## Exercise requirements
Could you set down the listing below exactly, leaving out its pictures?

-- Provided material follows --

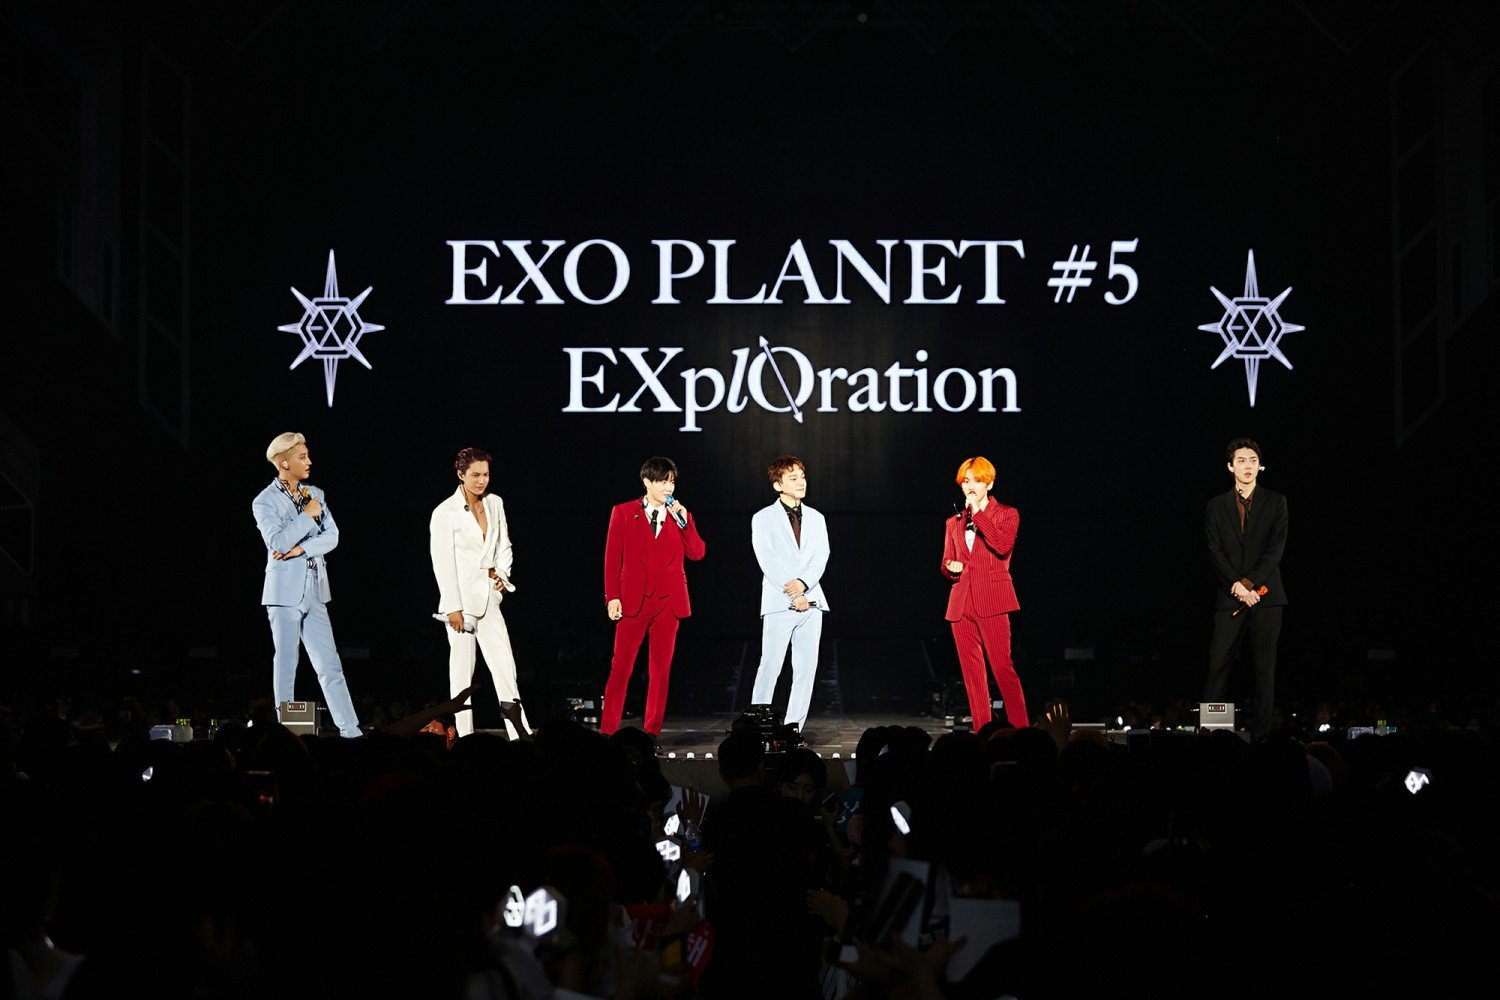 SM True พาร่วมสำรวจอวกาศนิรนามไปกับราชาแห่งเค-ป๊อป ‘EXO’ ในคอนเสิร์ตครั้งที่ 5 “EXO PLANET #5 - EXplOration - in BANGKOK” 3 รอบการแสดง 20, 21, 22 กันยายนนี้!
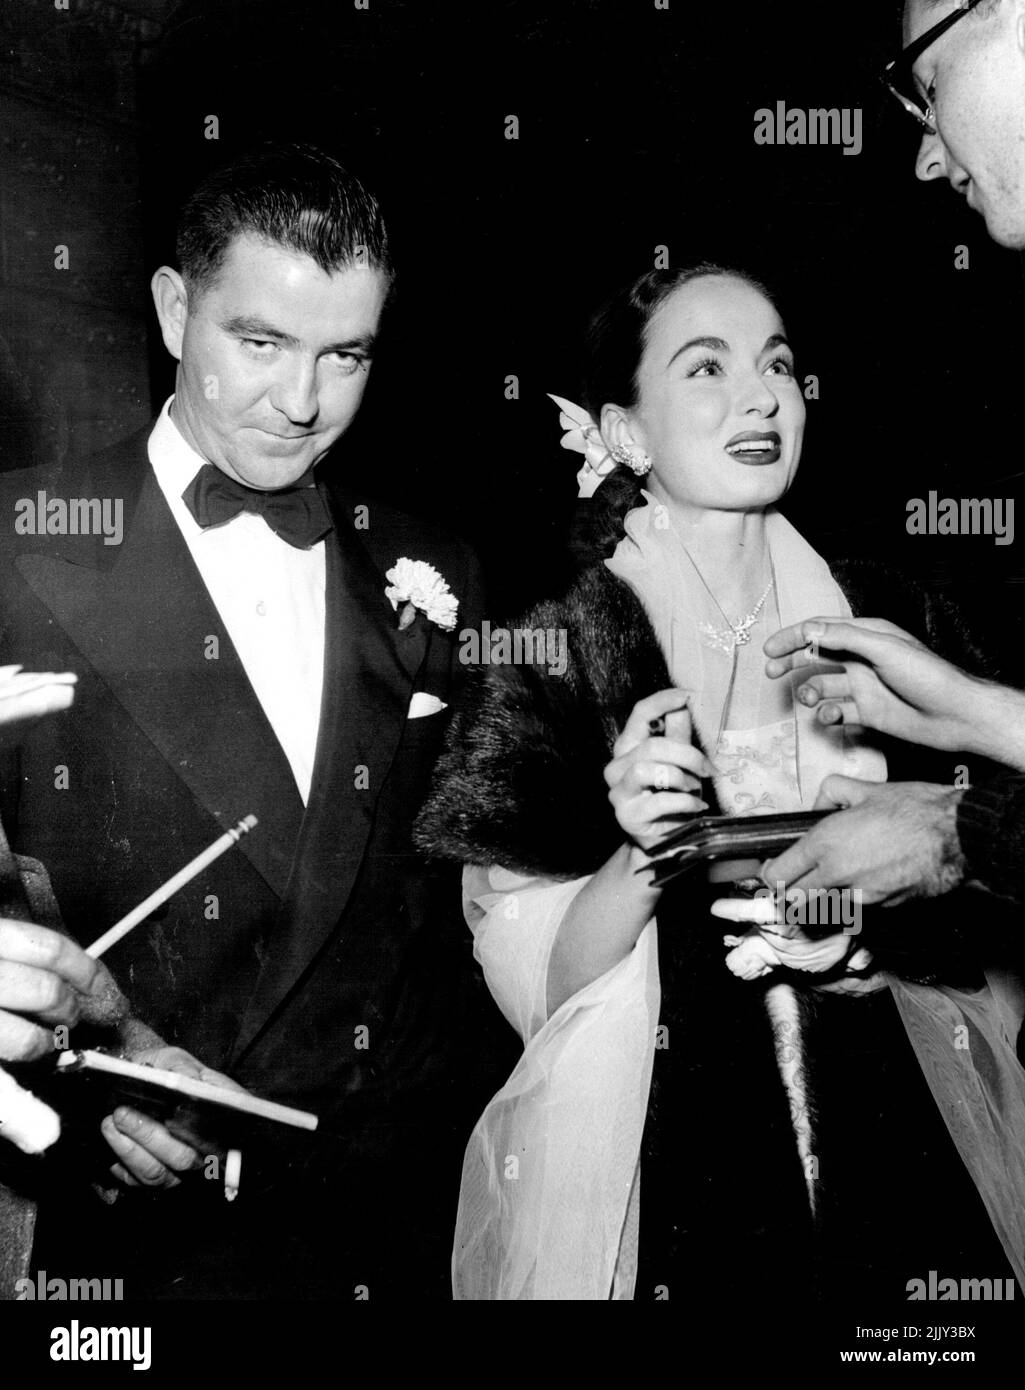 Ann Blyth besucht eine Premiere mit dem neuen Verlobten Dr. James McNulty. Ann Blyth und ihr Mann Dr. James McNulty, Geburtshelferin von Los Angeles und Bruder von Dennis Day, dem bekannten Sänger, bei einer Hollywood-Premiere. 19. Juli 1953. Stockfoto
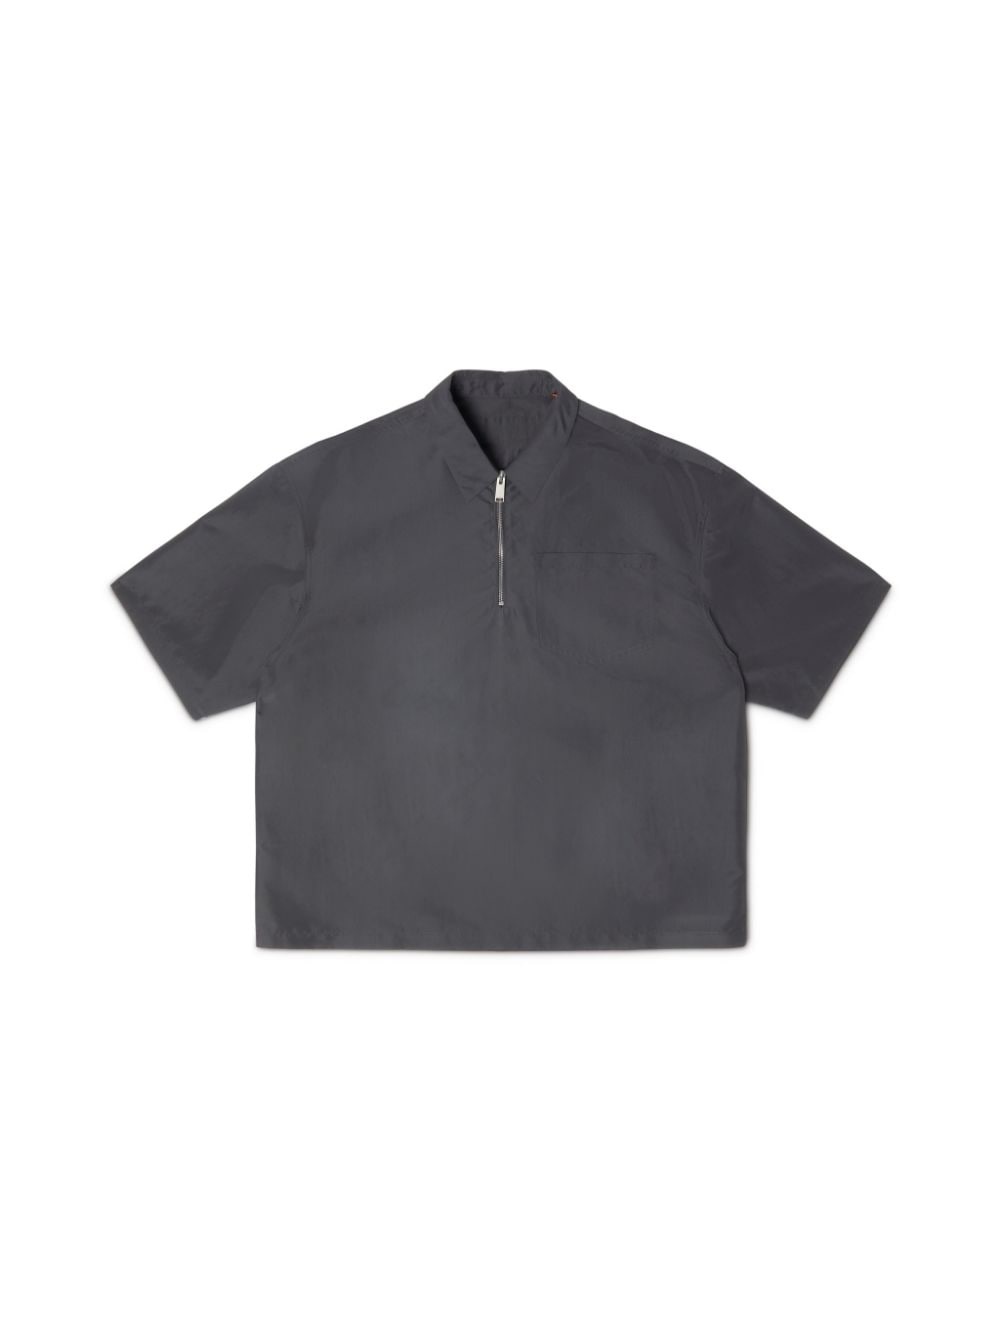 Ex-Ray Nylon Zip Ss Shirt - 1

-- Provided material concluded --

## Exercise response
 SM True พาร่วมสำรวจอวกาศนิรนามไปกับราชาแห่งเค-ป๊อป ‘EXO’ ในคอนเสิร์ตครั้งที่ 5 “EXO PLANET #5 - EXplOration - in BANGKOK” 3 รอบการแสดง 20, 21, 22 กันยายนนี้!
 Ann Blyth besucht eine Premiere mit dem neuen Verlobten Dr. James McNulty. Ann Blyth und ihr Mann Dr. James McNulty, Geburtshelferin von Los Angeles und Bruder von Dennis Day, dem bekannten Sänger, bei einer Hollywood-Premiere. 19. Juli 1953. Stockfoto
 Ex-Ray Nylon Zip Ss Shirt - 1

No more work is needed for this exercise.